Add-AzureEndpoint -Name "APP-PORT" -Protocol tcp -LocalPort 15110 -PublicPort 15110 |

Update-AzureVM 

• Stand-alone input endpoints created on the MASTER and SLAVEVMs to let the on-premise management and monitoring infrastructure to access and control the application inside the VMs.
  • At this point, the on-premise management and monitoring infrastructure will start the application only on the MASTER VM and then this role is ready to serve incoming requests.
  • Additionally, it will start monitoring service health on the MASTER VM, ready to apply failover procedure on the SLAVE VM in case of any problem.

Now, when the steps described above will be completed for all the cloud-services/roles that compose the application deployment, the on-premise management and monitoring infrastructure will constantly poll the cloud resources and this is what will happen in case of any failure inside the MASTER VM:

Once the monitored service inside the MASTER VM, or the VM itself, will crash or stop responding to the heartbeats, the on-premise management and monitoring infrastructure will detect and kicks the planned failover procedure:

• On the MASTER VM, remove stand-alone input endpoint from the MASTERVM for application traffic.
  • At this point, and for a short period of time, no incoming application traffic will be permitted and crashed VM will be isolated.
  • An example of Power Shell command to achieve this action is reported below and will typically take between 5 – 10 seconds to complete:

Get-AzureVM -ServiceName $cloudservicename -Name $mastervm |

Remove-AzureEndpoint -Name "APP-PORT" |

Update-AzureVM 

 

• On the MASTER VM, detach disk storage (Azure disk/s) where application data resides.
  • It can be easily accomplished using the Power Shell command listed below and will typically take between 10 – 15 seconds to complete:

Get-AzureVM -ServiceName $cloudservicename -Name $mastervm |

Remove-AzureDataDisk -LUN 0 |

Update-AzureVM

• The SLAVE VM will be now logically promoted to MASTERVM by the on-premise management and monitoring infrastructure.
  • The former MASTER VM, once recovered/re-imaged, will assume the role of SLAVE VM and heartbeat will be re-established, additionally the application will be maintained in a stopped state.
• On the new MASTER VM, the disk storage (Azure disk/s) where application data resided, that has been previously detached, will be attached here:

Get-AzureVM -ServiceName $cloudservicename -Name $slavevm |

Add-AzureDataDisk -DiskName "AppDisk1" -Import -LUN 0 -HostCaching None |

Update-AzureVM 

• IMPORTANT: The attach disk operation may fail if it is called too quickly after detach. This may happen because the detach disk operation will return successfully when the update has been accepted by the fabric controller, but the disk may still be in use on the old VM. In order to be sure the operation will be successful, use a code section like the sample below before attaching individual disks:

   do {$disk = Get-AzureDisk -DiskName MyDisk} while ($disk.AttachedTo -notlike "")

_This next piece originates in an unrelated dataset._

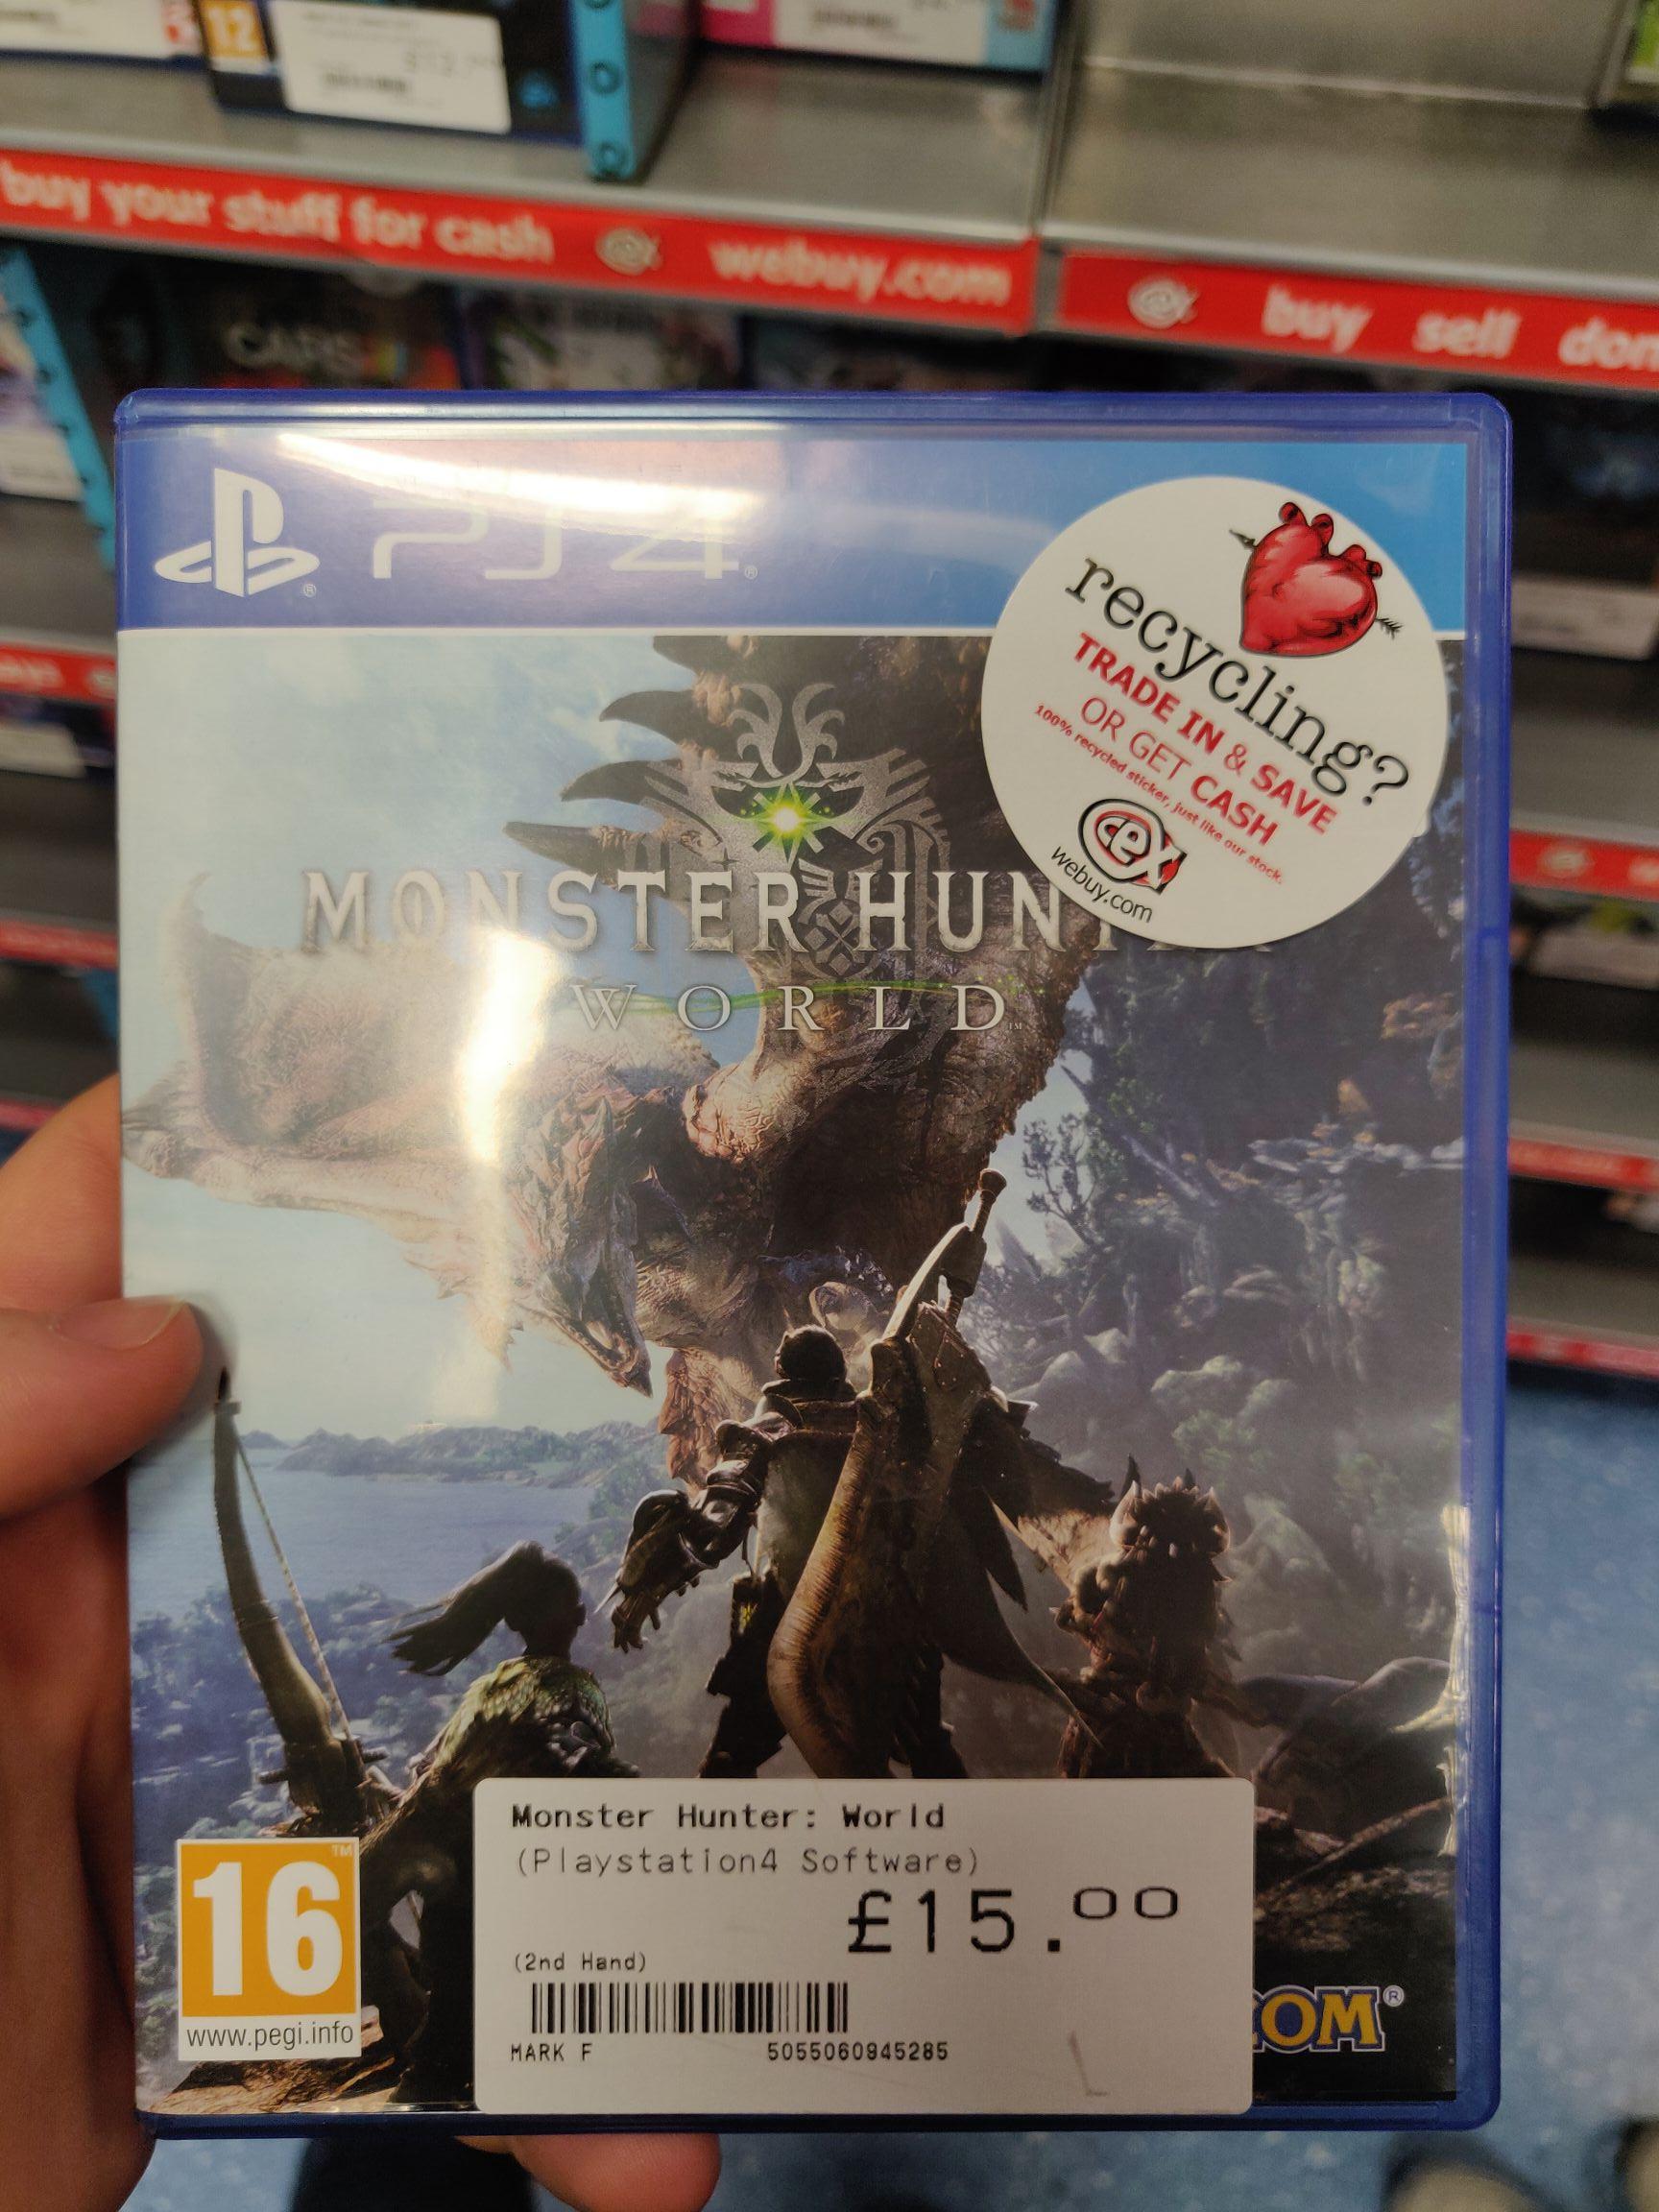 Monster Hunter World £15 @ CEX (pre-owned)

• On the new MASTER VM, the application will be started.

• Now, on the new MASTER VM, a new stand-alone input endpoint will be added/created to allow application traffic to reach the application already started in the previous point.

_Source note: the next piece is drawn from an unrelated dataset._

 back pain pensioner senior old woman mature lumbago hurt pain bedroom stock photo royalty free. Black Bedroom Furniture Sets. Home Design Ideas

  • At this point, incoming application traffic will be permitted again and request/workload processing will resume.
  • An example of Power Shell command to complete this action is reported below and will typically take between 5 – 10 seconds to complete:

Get-AzureVM -ServiceName $cloudservicename -Name $slavevm |

Add-AzureEndpoint -Name "APP-PORT" -Protocol tcp -LocalPort 15110 -PublicPort 15110 |

Update-AzureVM  

As you can see, the overall process is pretty straightforward and can be fully automated using Power Shell or Azure Management REST API directly. The approach to use an external monitoring and management system will permit to do not modify the application, as you probably want, since you are using IaaS instead of PaaS. But there are several other advantages, especially when compared to other Cloud vendors that provide a special mechanism that will dynamically bind/unbind a VIP to Cloud Services, permitting a similar MASTER-SLAVE pattern: 

• This solution is available today using current Azure available features.
• As you can argue, today Azure does not have this type of dynamic or floating IP behavior, but as I demonstrated here in this blog post, you don’t need it.
• The failover time of the proposed architecture is really quick, less than one minute compared to several minutes required by other cloud vendor solutions, mainly caused by necessary DNS propagation delay.
• Reserved VIP is not required, immutable references necessary to the failover mechanism are provided using Cloud Service, internet facing, DNS names.
• This solution is cheaper since does not require additional features (reserved IPs, floating IPs) that typically involve additional costs.

Additionally, other characteristics are in common with other cloud vendor solutions: 

• This model is valid for any kind of application/service and solves the problem of replicating application data between multiple instances;
• ACLs need to be applied to restrict incoming network traffic;
• Full internal network connectivity (over DIP) can be guaranteed using Azure VNET;
• On-premise hybrid network connectivity can be supplied using Azure VNET VPN;
• A small overhead is always present, since network traffic must traverse some kind of routing device to provide redirection used by the failover mechanism;
• Since network communications between different roles, inside the same tenant deployment, will pass through the front-end load balancer, it will count toward i-gress network bandwidth, then with an additional network cost.

Best regards.